Results: The mean age of participants in Groups A (n=19) and B (n=55) was 29.3 and 25.4 years, and 63% (12/19) and 75% (41/55) were females, respectively. Self-reported sun exposure data in the UVR app correlated highly with UVR dosimetry (κ=0.83, 95% CI 0.64-1.00, P<.001). Correlation between self-reported UVR app and accelerometer-collected moderate to vigorous physical activity data was low (ρ=0.23, P=.10), while agreement for low-intensity physical activity was significantly different (ρ=-0.49, P<.001). Seventy-nine percent of participants preferred the app over the paper diary for daily self-report of UVR exposure and physical activity.

Conclusions: This feasibility study highlights self-report using an UVR app can reliably collect personal UVR exposure, but further improvements are required before the app can also be used to collect physical activity data.

JMIR Res Protoc 2018;7(4):e102



In the United States, the number of new cases of melanoma is predicted to rise from 70,000 in 2007-2011 to 116,000 in 2026-2031 [1], and similar increases are expected in other countries around the world. Ultraviolet radiation (UVR) is the main environmental risk factor for melanoma. Accurate measurement of UVR exposure is important for skin cancer prevention studies, which aim to reduce peoples’ sun exposure. Monitoring physical activity levels is also important in skin cancer prevention studies as three large-scale cross-sectional studies have shown increased levels of physical activity among adults were associated with higher levels of sunburn [2-5].

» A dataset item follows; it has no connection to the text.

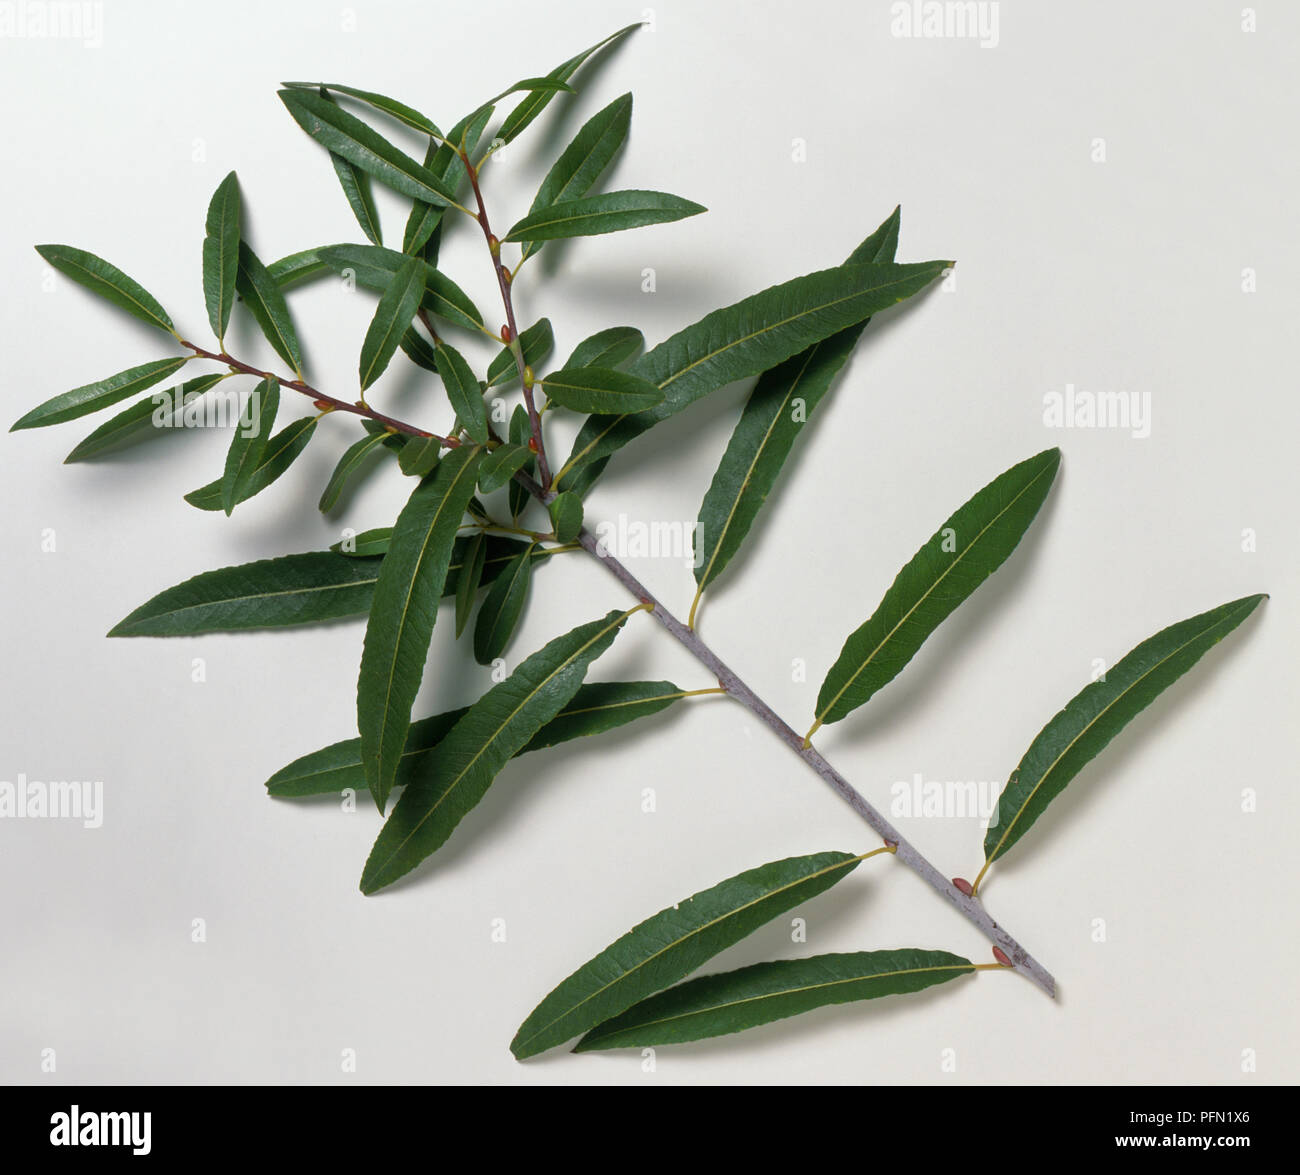 Salix daphnoides 'Aglaia' (Violet willow), branch with leaves, close-up Stock Photo

Figure 1. Ultralight radiation diary app. A) Log-in screen for participants to enter their unique study identifier. B) Home screen. In the home screen, participants select the date to enter their sun exposure and sun protection used for that day. The app will not let participants enter their data for the days ahead. They can only enter data for the current day or previous days. C) The participant enters which parts of the body were unprotected and exposed to the sun. In this image, the participant has specified that the head was exposed for 1 hour. D) Once a body site is selected, the next screen asks participants how many minutes they were exposed to the sun for each timeblock: 4am- 8am, 8am-4pm, and 4pm-8pm. E) The participant selects “yes” or “no”, depending on whether they stayed in the sun to get a tan and whether they wore sunscreen for the day. If a participant selects “yes” to the sunscreen question, the panel F screen appears, which details the sunscreen sun protection factor (SPF), number of times applied, time of day applied, and area of application to the body, for each application. F) This screen illustrates a participant that applied SPF 50+ sunscreen once at 8am to their face and ears. Users can scroll down to select different parts of the body where sunscreen was applied. G) The participant selects “yes” or “no”, depending on whether they were sunburnt that day. H) The participant selects “yes” or “no”, depending on whether they excercised that day, recording the duration and level of activity as mild, moderate, or vigorous.
View this figure

UVR exposure data can be collected via direct observation, UVR dosimeters, or self-report, particularly for current or recent exposures. Objective measures of chronic/cumulative UVR exposure are silicone casts of the dorsum of the hand [6], DNA mutation loads of eye lids [7], and measurements of eye conjunctival ultraviolet autofluorescence [8]. The selection of the measurement tool depends on the research question, feasibility, costs, and burden to study participants [9]. Self-reported paper UVR diaries are a common form of data collection [10]. However, there are limitations to paper diaries. For example, they can be burdensome to complete, participants may miss questions, and they do not allow for real-time monitoring of compliance. Electronic data collection could overcome some of these barriers, streaming data directly into an electronic database, thus permitting real-time monitoring of participants’ entries and generating automated reminders to input data regularly, thereby reducing missing data.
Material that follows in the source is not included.